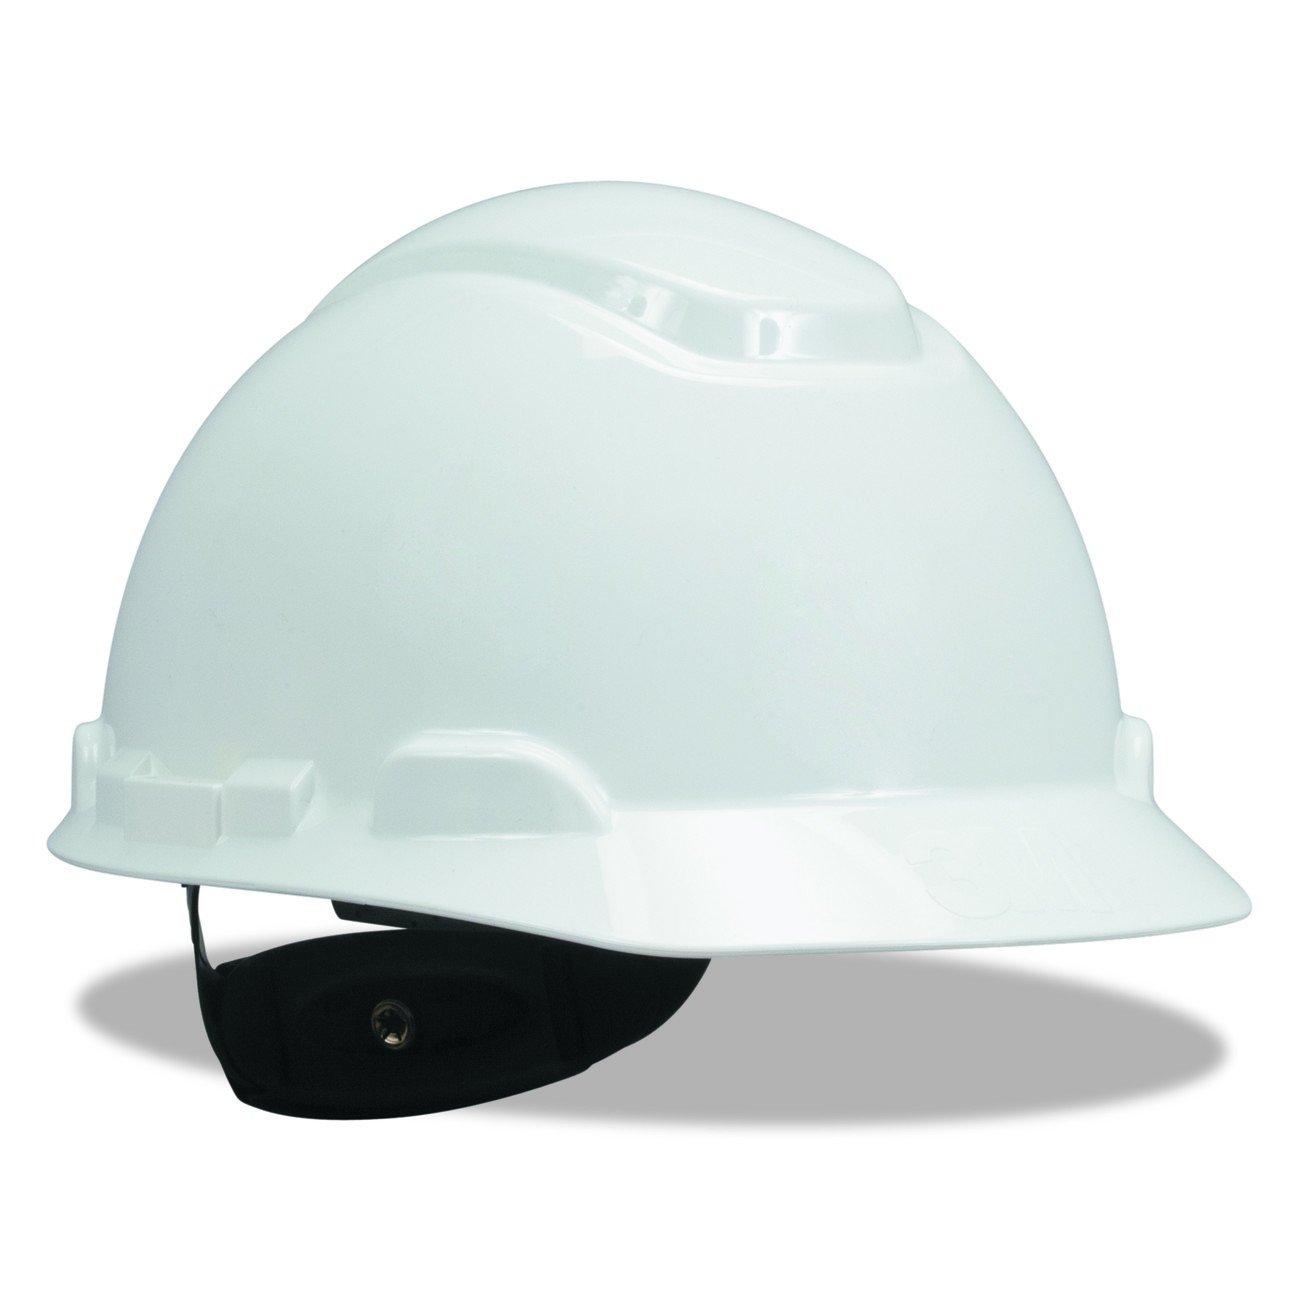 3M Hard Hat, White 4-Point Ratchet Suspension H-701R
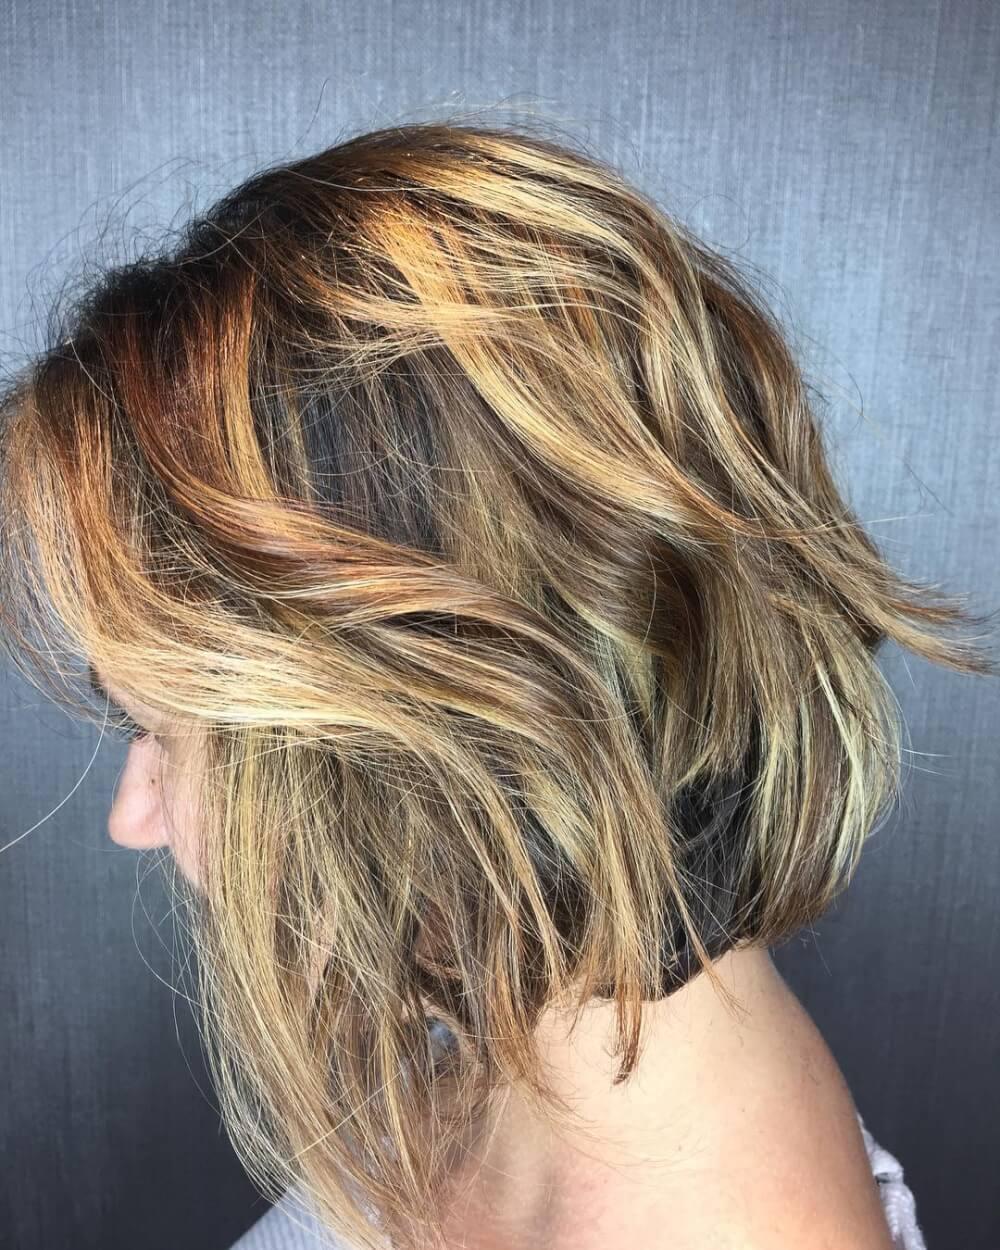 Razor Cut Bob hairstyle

--

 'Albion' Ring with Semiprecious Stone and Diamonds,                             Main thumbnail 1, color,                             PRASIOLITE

**Assignment:**
Starting with the line above that holds "3M Hard Hat, White", restate each line word for word up to and including the line that holds "Razor Cut Bob hairstyle". Drop the pictures.

**Result of this task:**
 3M Hard Hat, White 4-Point Ratchet Suspension H-701R
 Razor Cut Bob hairstyle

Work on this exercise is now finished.